* [Dataset content]:
###

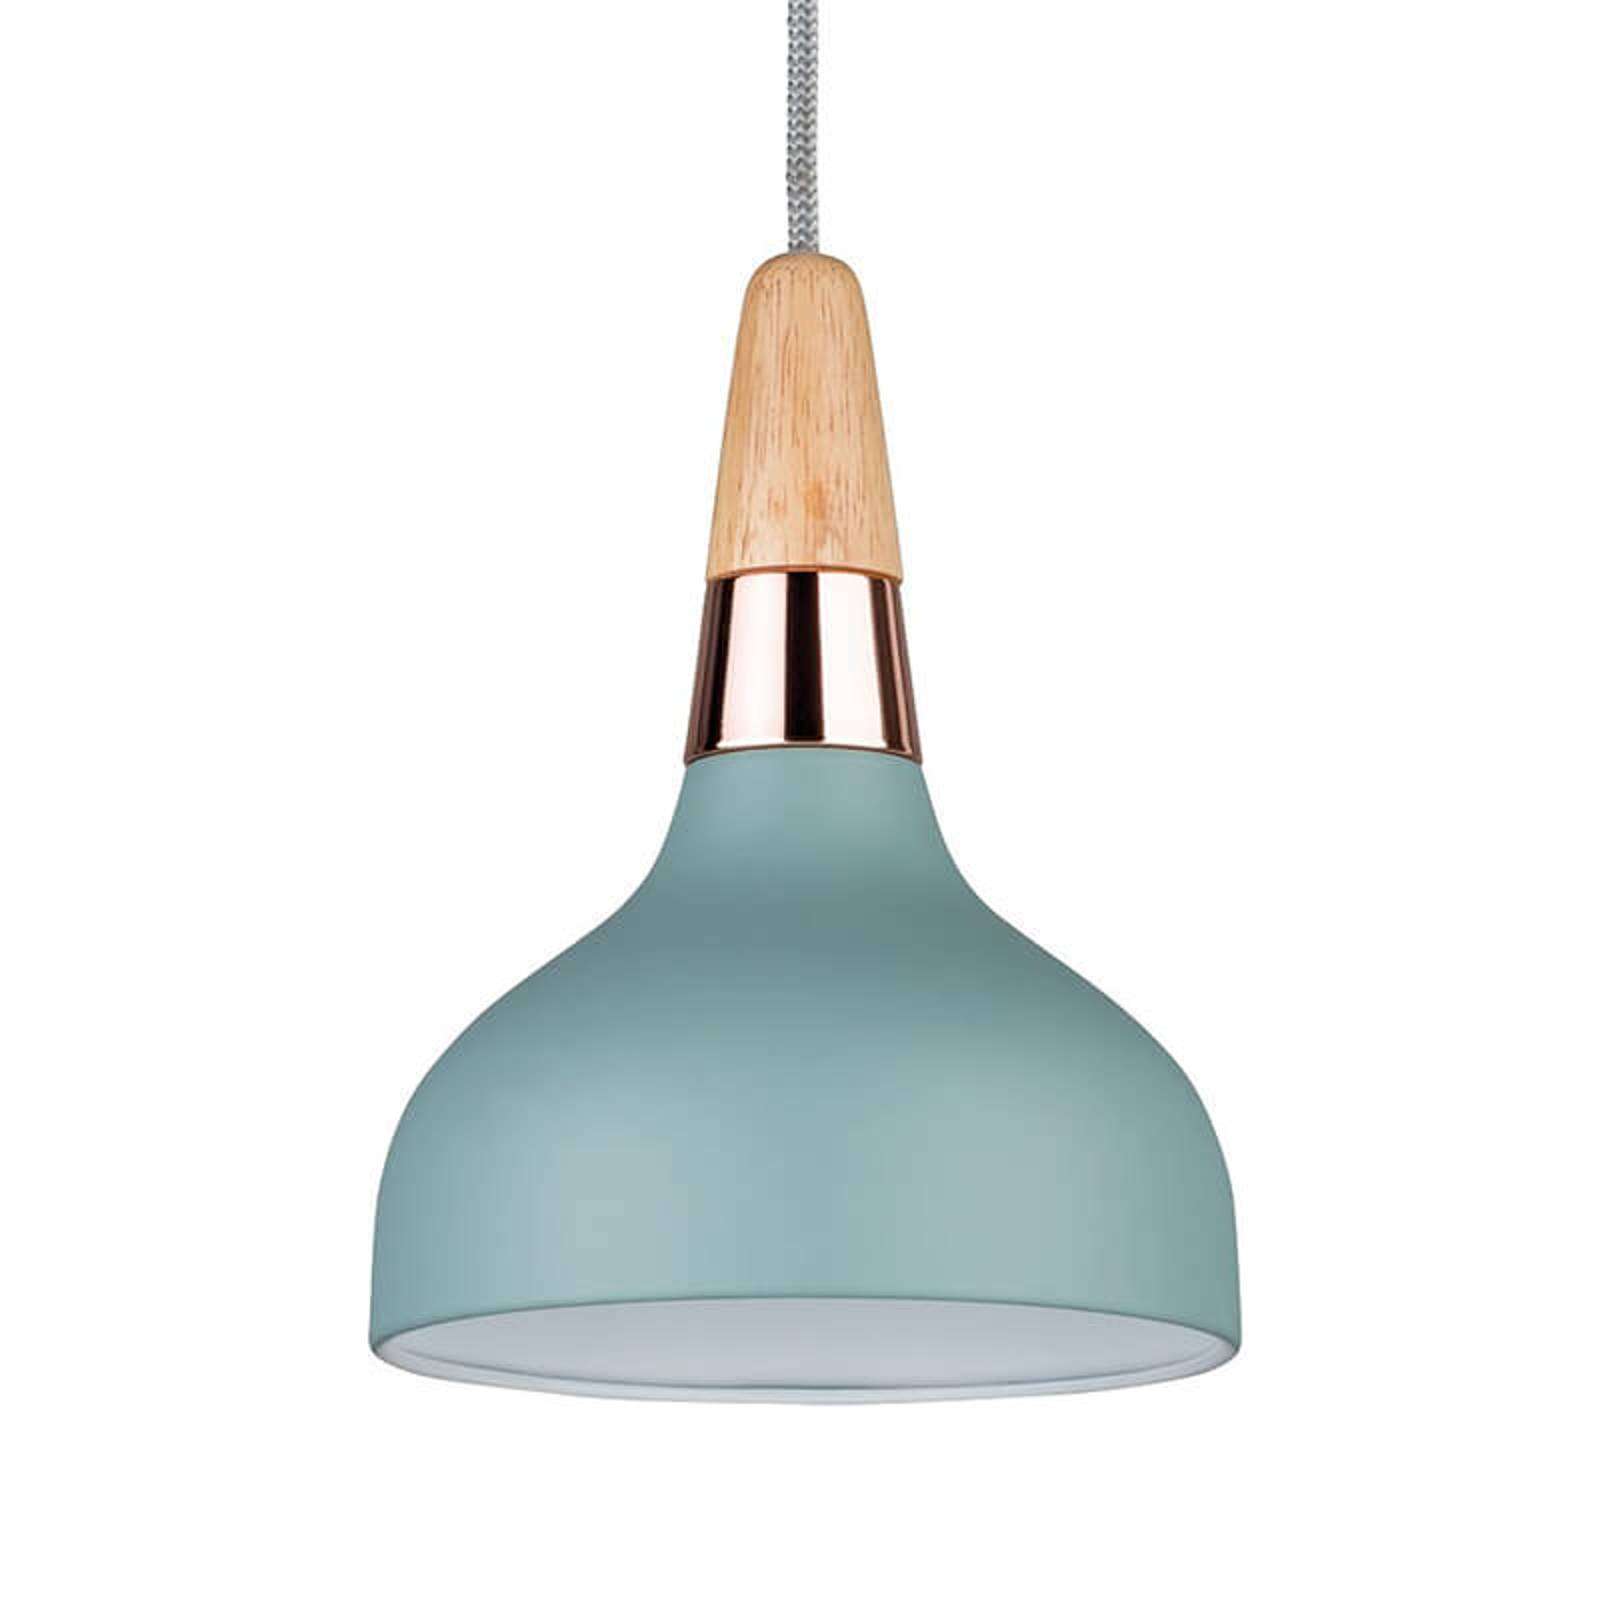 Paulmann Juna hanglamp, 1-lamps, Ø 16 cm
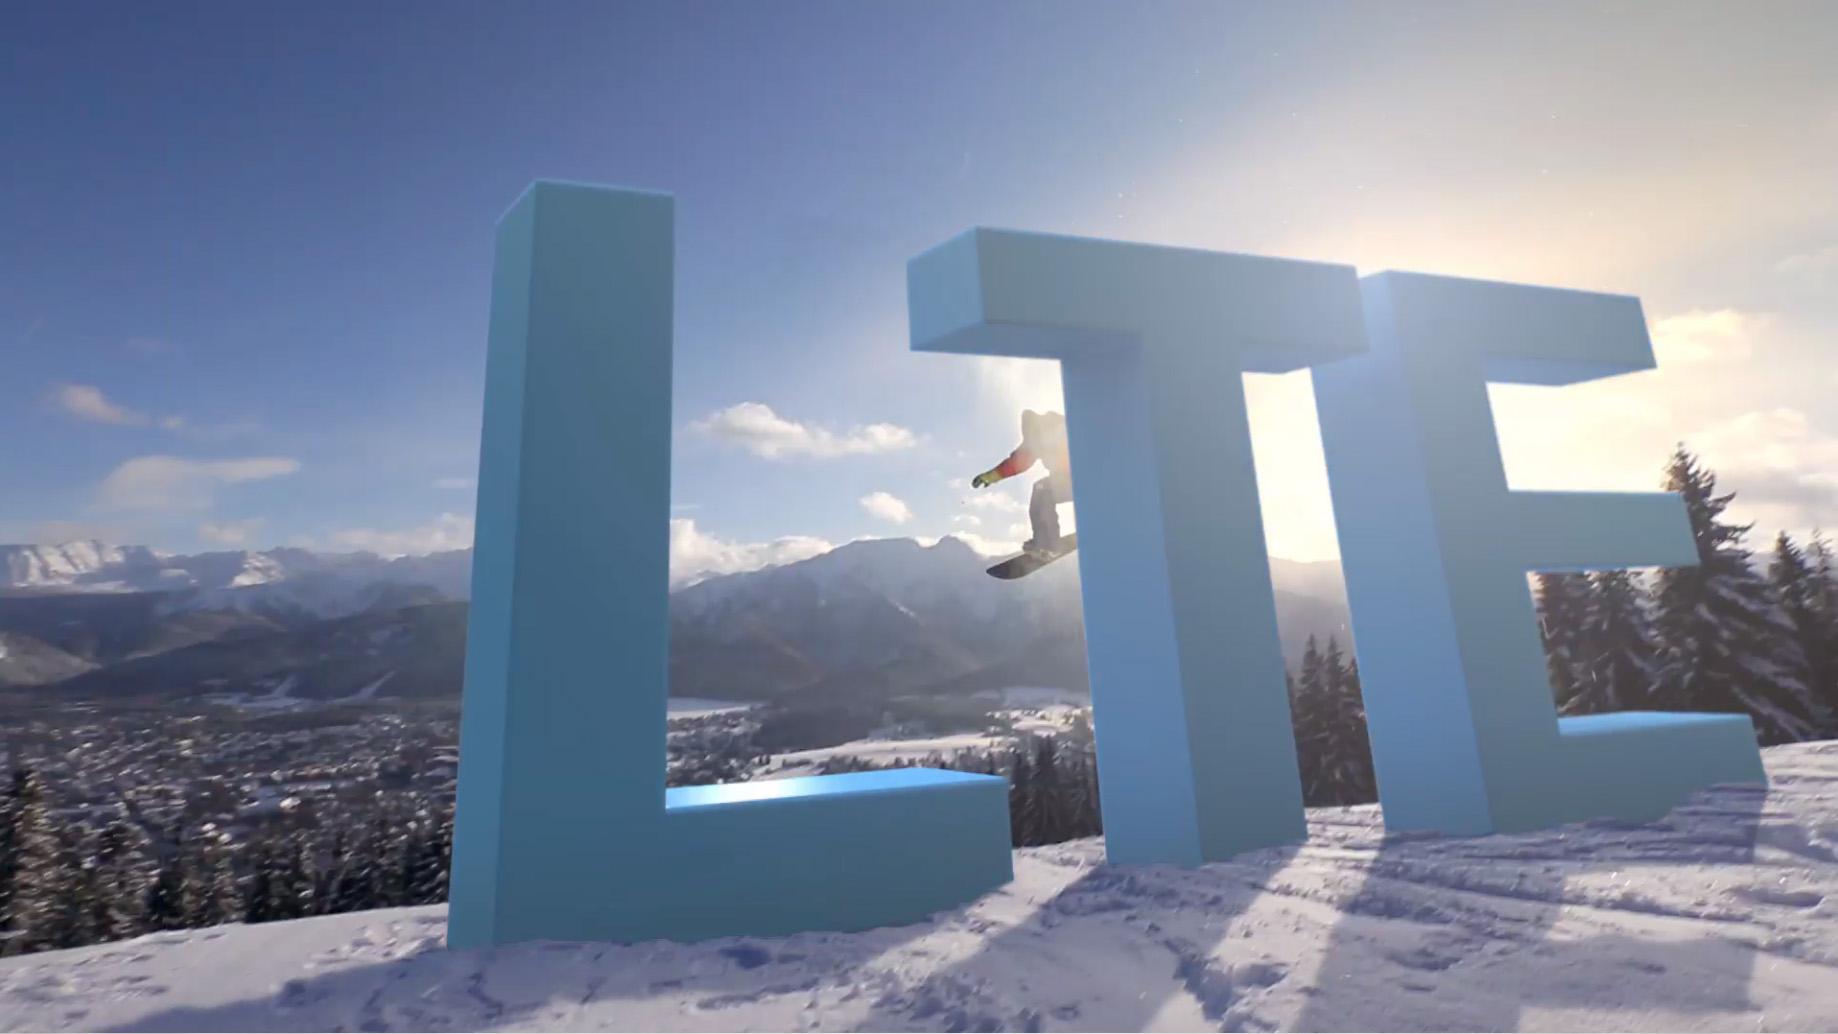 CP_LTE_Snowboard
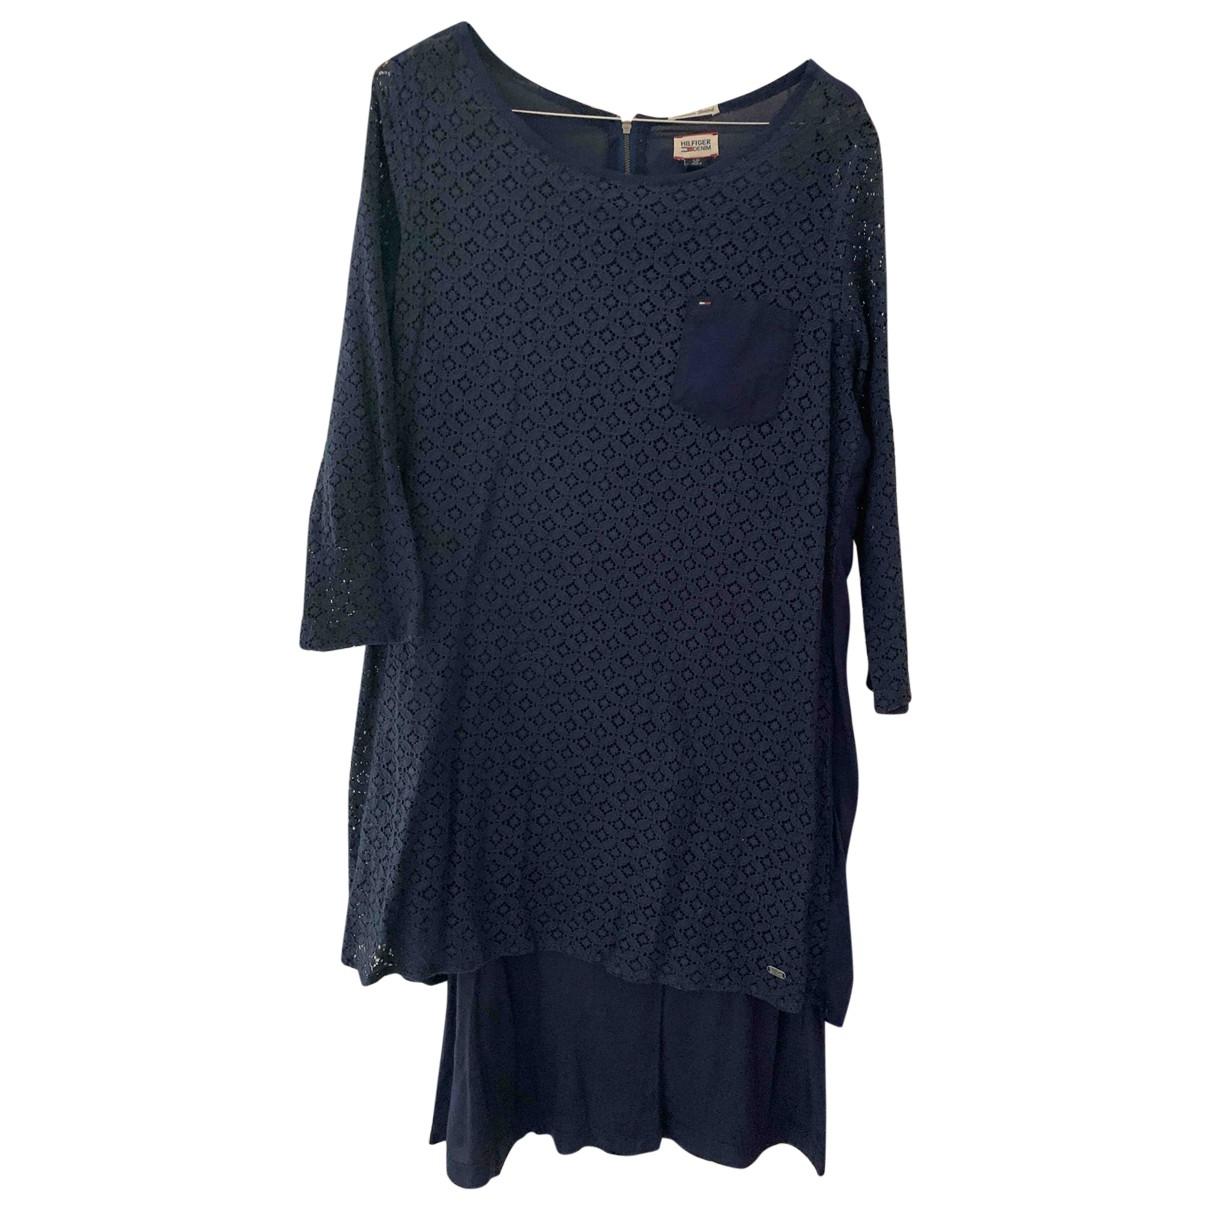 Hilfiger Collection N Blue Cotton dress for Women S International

###

* [What is being asked]:
Leave out the pictures, and please output only the lines from the line that contains "CP_LTE_Snowboard" through the end of the data, both ends included.

* [Output below]:
 CP_LTE_Snowboard
 Hilfiger Collection N Blue Cotton dress for Women S International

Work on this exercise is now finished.